How do I get over this.

54 replies

Lifeinmess · 14/01/2012 10:23

I've name changed for this as I don't want anyone to recognise me. My h had an affair last year that had been going on for quite some time. I found hidden texts on his phone. I was slowly coming to terms with what he did and we have been working hard at repairing our marriage. I still had up and down days but we had been getting on much better in the last couple of months. I cannot forgive him but I was prepared to move on. I still check his phone and emails as I still cannot trust.

3 days ago I found emails from him to her saying that he missed her. He says that he doesn't know why he emailed her and cannot give me answers. I rang the ow and she says that there is nothing going on. She hadn't replied to any of the emails. I've thrown him out for the time being, but i just don't know what to believe. The worst thing is that they still work at the same place. I love him and want to try to make the marriage work. We're going to meet up tomorrow but im just so hurt and angry. What do I say to him to find out the truth.

OP posts:
ohdearwhatdoidonow · 14/01/2012 11:07

I don't know how you get over this, am so sorry. You chose to give him another chance and he's thrown it back at you. He e-mailed her because he is missing her - he said so in his e-mail. If he's thinking about her, and missing her, he is emotionally separated from you:(

I think if you are intent in repairing this - If I was in this situatation, the minimum would be change jobs and NO further contact. But TBH I wouldn't give him another chance that would be it for me:(

So sorry x

Abitwobblynow · 14/01/2012 11:12

You did the right thing in throwing him out. Well done. His behaviour does not determine your worth.

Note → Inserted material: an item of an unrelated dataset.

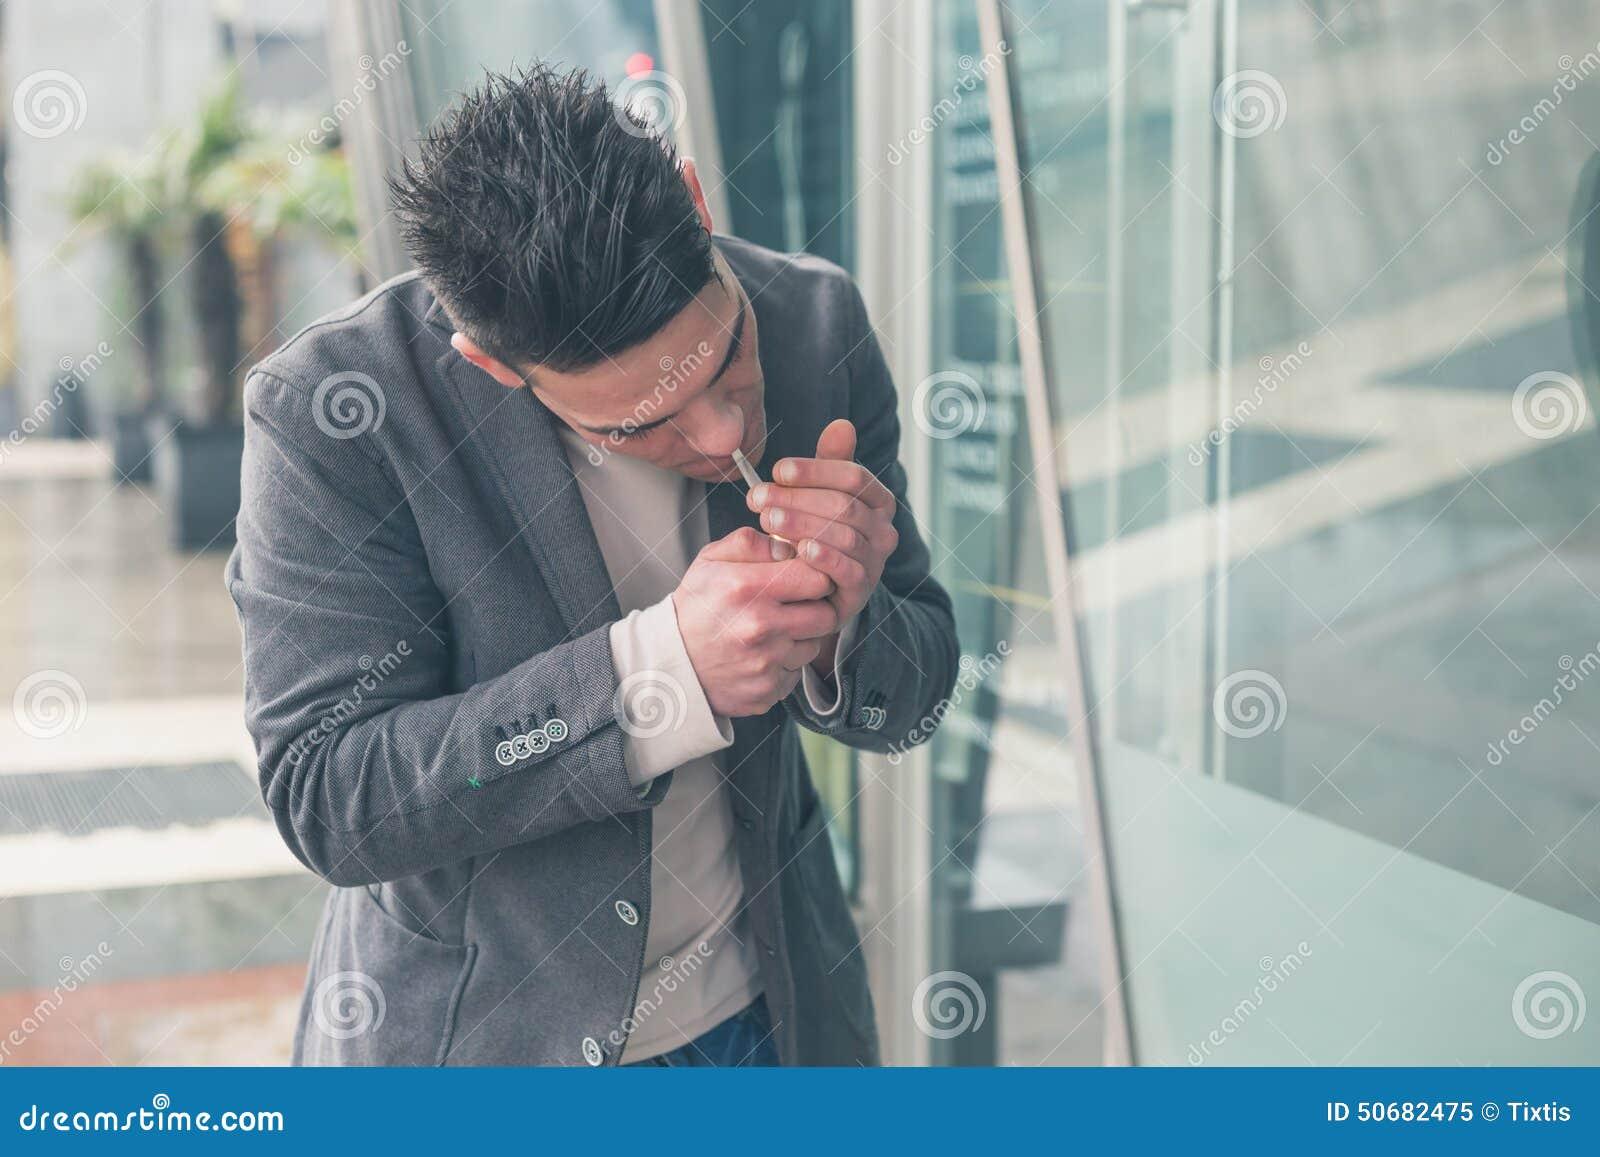 Download 抽香烟的年轻英俊的人 库存图片. 图片 包括有 有吸引力的, 英俊, 白种人, 生活方式, 人员, 照明设备 - 50682475

So sorry you are in this pain. Don't meet up, he will just lie. And more lies hurt.

Please don't meet up. It's all drama that distracts him from HIMSELF. He needs some space to not react to anything. Except his own inner emptiness that he is filling by USING TWO women. Don't do it. Stay away.

ClaraSage · 14/01/2012 11:18

I do feel for you. Your DH needs to be determined to win you back and as said before, that means no contact with the ow. He knows this I'm sure. Yes, he probably does miss her (or the heady feeling having an illicit romance gave him) But, so what? Sadly, you will probably never trust him again now. Mine had an affair almost 3 years ago and has had no contact with her (despite her trying) and has done everything to fix our marriage and yet, I still don't trust him 100%. At least she didn't answer his emails which shows (hopefully) she has come to her senses even if he hasn't.

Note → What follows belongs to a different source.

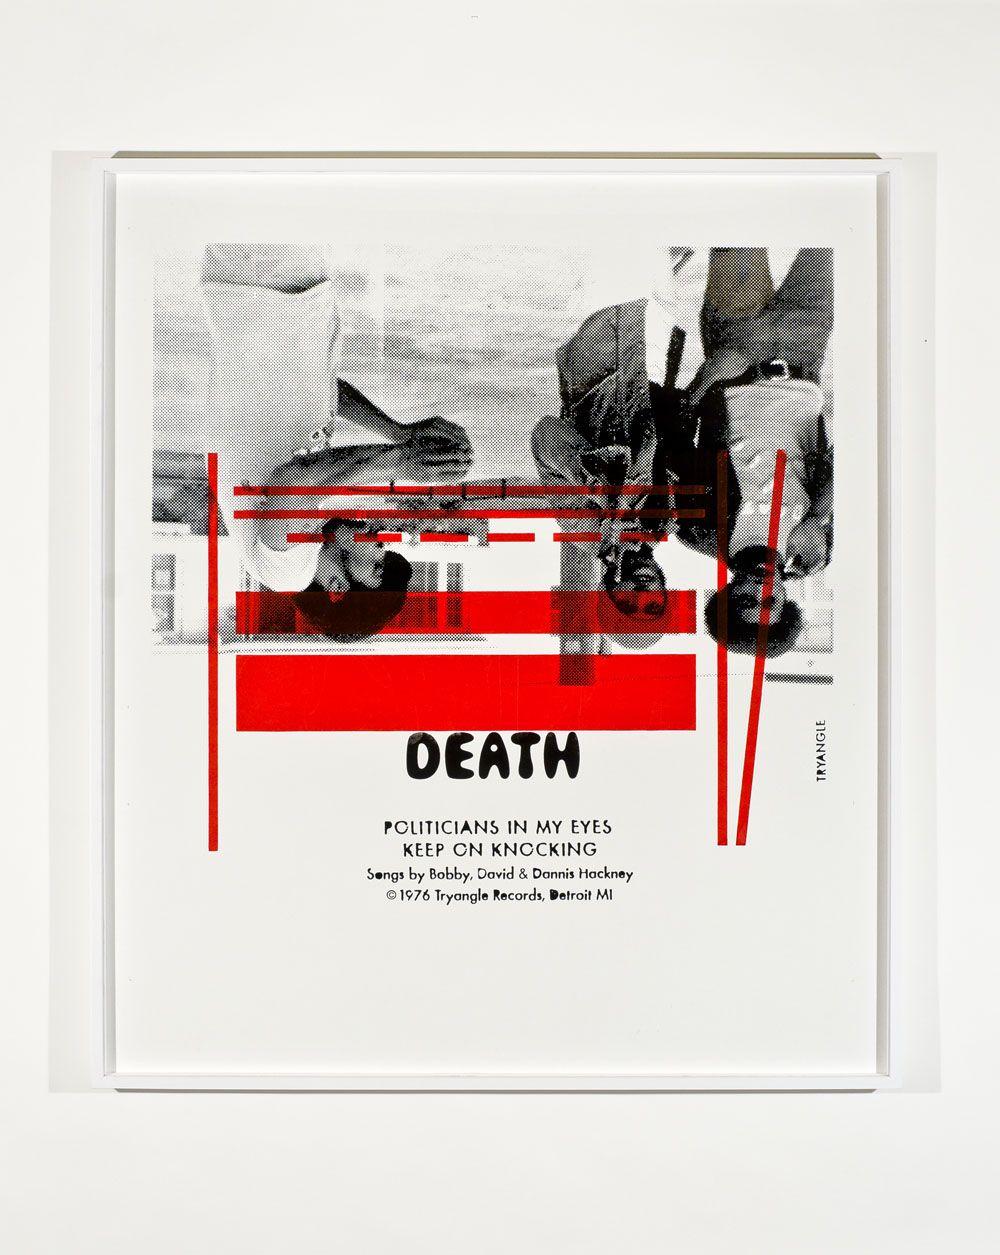 SKYLAR FEIN A Reductivist Portrait of Death,2011

Lifeinmess · 14/01/2012 11:26

I'm just so hurt and angry. He says he never loved her but I'm so unsure now.

OP posts:
ClaraSage · 14/01/2012 11:29

Well, he could be telling the truth as I said last post, often they are simply addicted to the feeling the affair gives not the person. I don't know. He has a lot of work to do to win you back.

ohdearwhatdoidonow · 14/01/2012 11:30

It may have been an attention/ego thing. It may have "just" been sex, Does it matter? What matters is whatever his reasons/motivation - what it says about his feelings/respect for you?

xxx

AThingInYourLife · 14/01/2012 11:46

You have the truth.

He e-mailed her because he wanted to be in touch with and he missed her.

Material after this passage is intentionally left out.